Thus, if an individual is asked to name a favorite 
author, to state whether the draft system is fair, to 
indicate how many children she wants to have, to identify 
an area in which she or he is afraid to walk at night, or 
to say whether he or she has ever wished to belong to the 
opposite sex, the information sought is subjective. But 
if an individual is asked whether he has served in the 
Armed Forces, how many children she has ever borne, how 
far she or he lives from the place of work, or to state 
his or her sex, the information is objective, even though 
its measurement may rely solely on the respondent serving 
as an informant rather than on records or reports of 
observers. When the accuracy of that measurement is 
questioned, its validity may be tested by referring to 
records or seeking corroboration from other informants. 
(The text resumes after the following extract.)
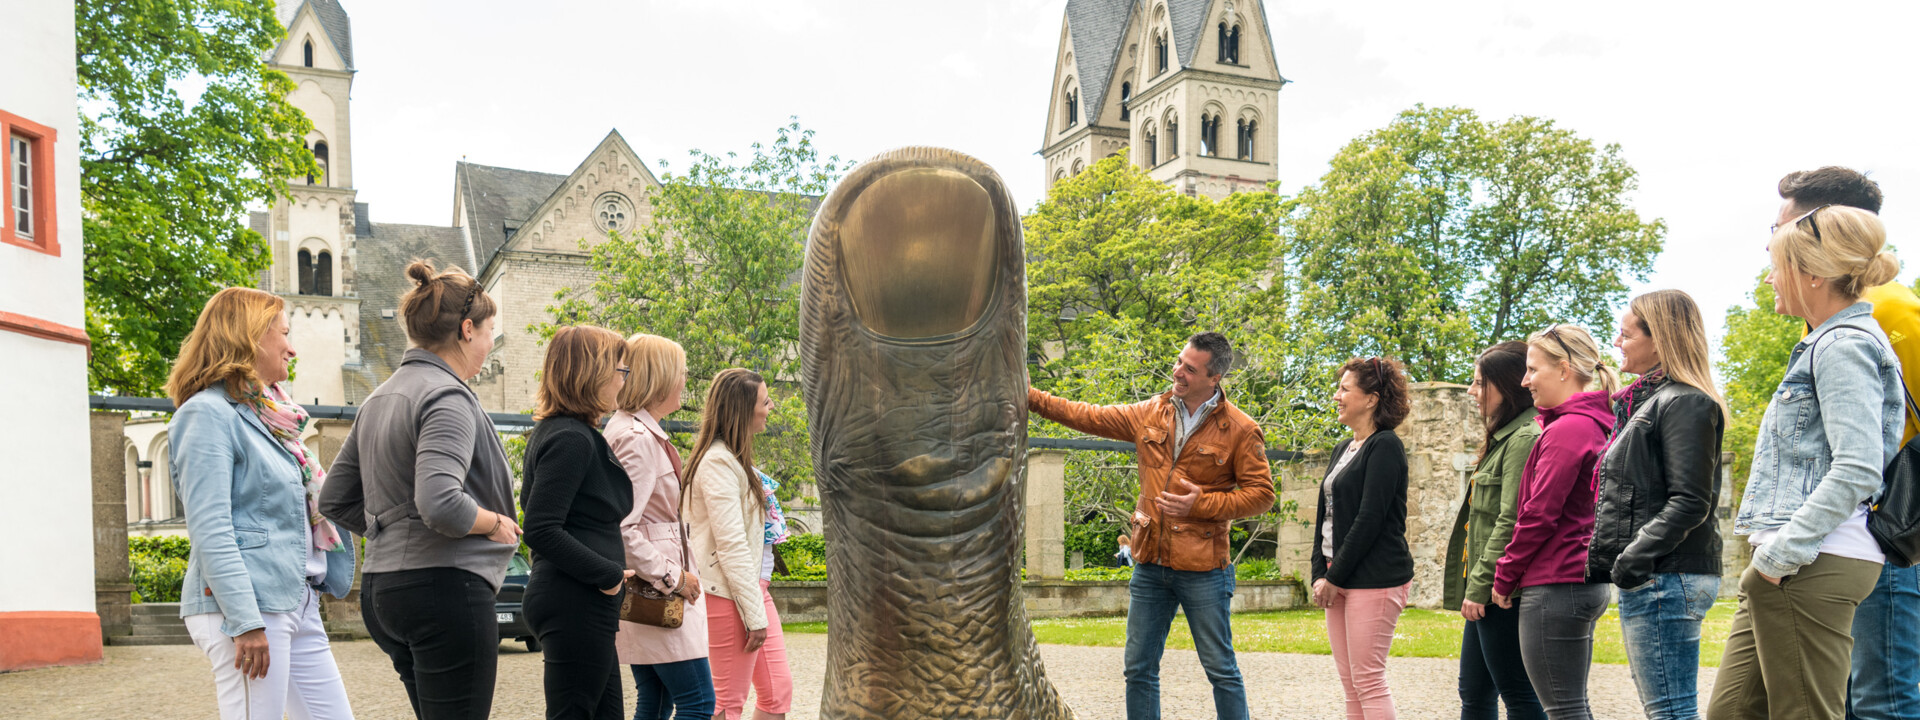 Reisegruppe hört einem Stadtführer zu, während er eine große Daumenstatue vor dem Ludwigmuseum erklärt ©Koblenz-Touristik GmbH, Dominik Ketz
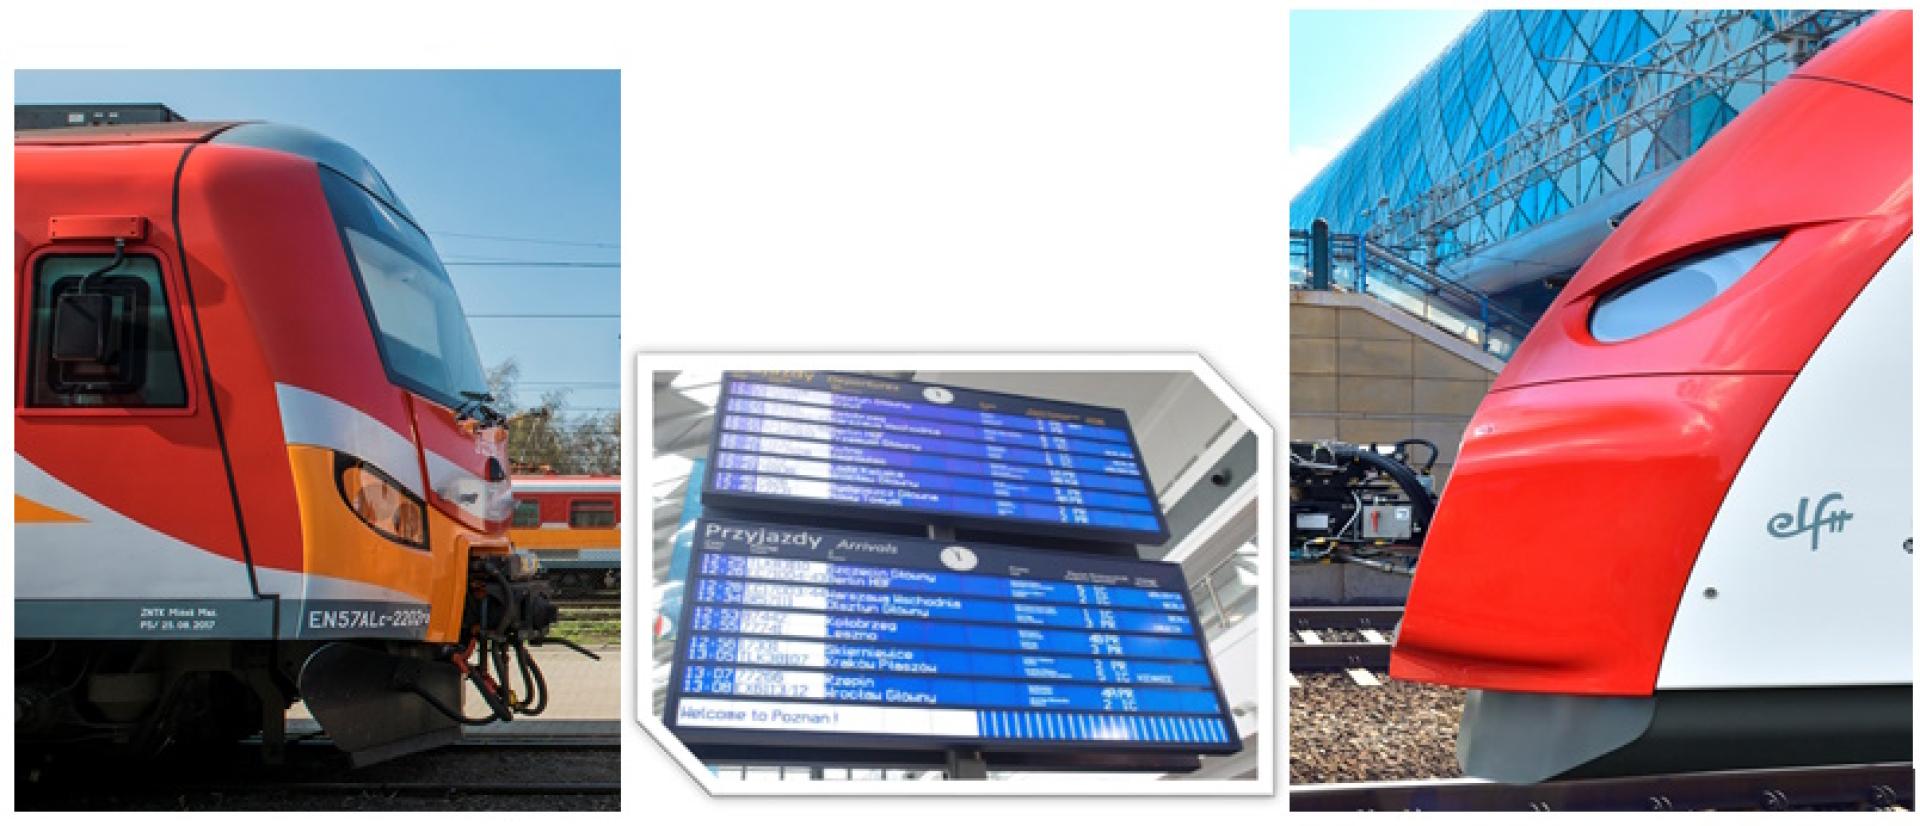 Badanie potrzeb przewozowych w publicznym transporcie zbiorowym do projektu rozkładu jazdy pociągów 2024/2025 - zobacz więcej

In household surveys, one respondent may often serve as 
informant for all members of the household, even for such 
personal but observable behavior as smoking habits, but 



such proxy reports ordinarily would not be accepted for 
subjective phenomena. 

We recognize that for some subjective phenomena there 
is the possibility of substituting behavioral observations 
for direct quest ions , particularly when there is presumed 
reason to distrust the latter. Economists, for example, 
tend to rely on the principle of "revealed preference," 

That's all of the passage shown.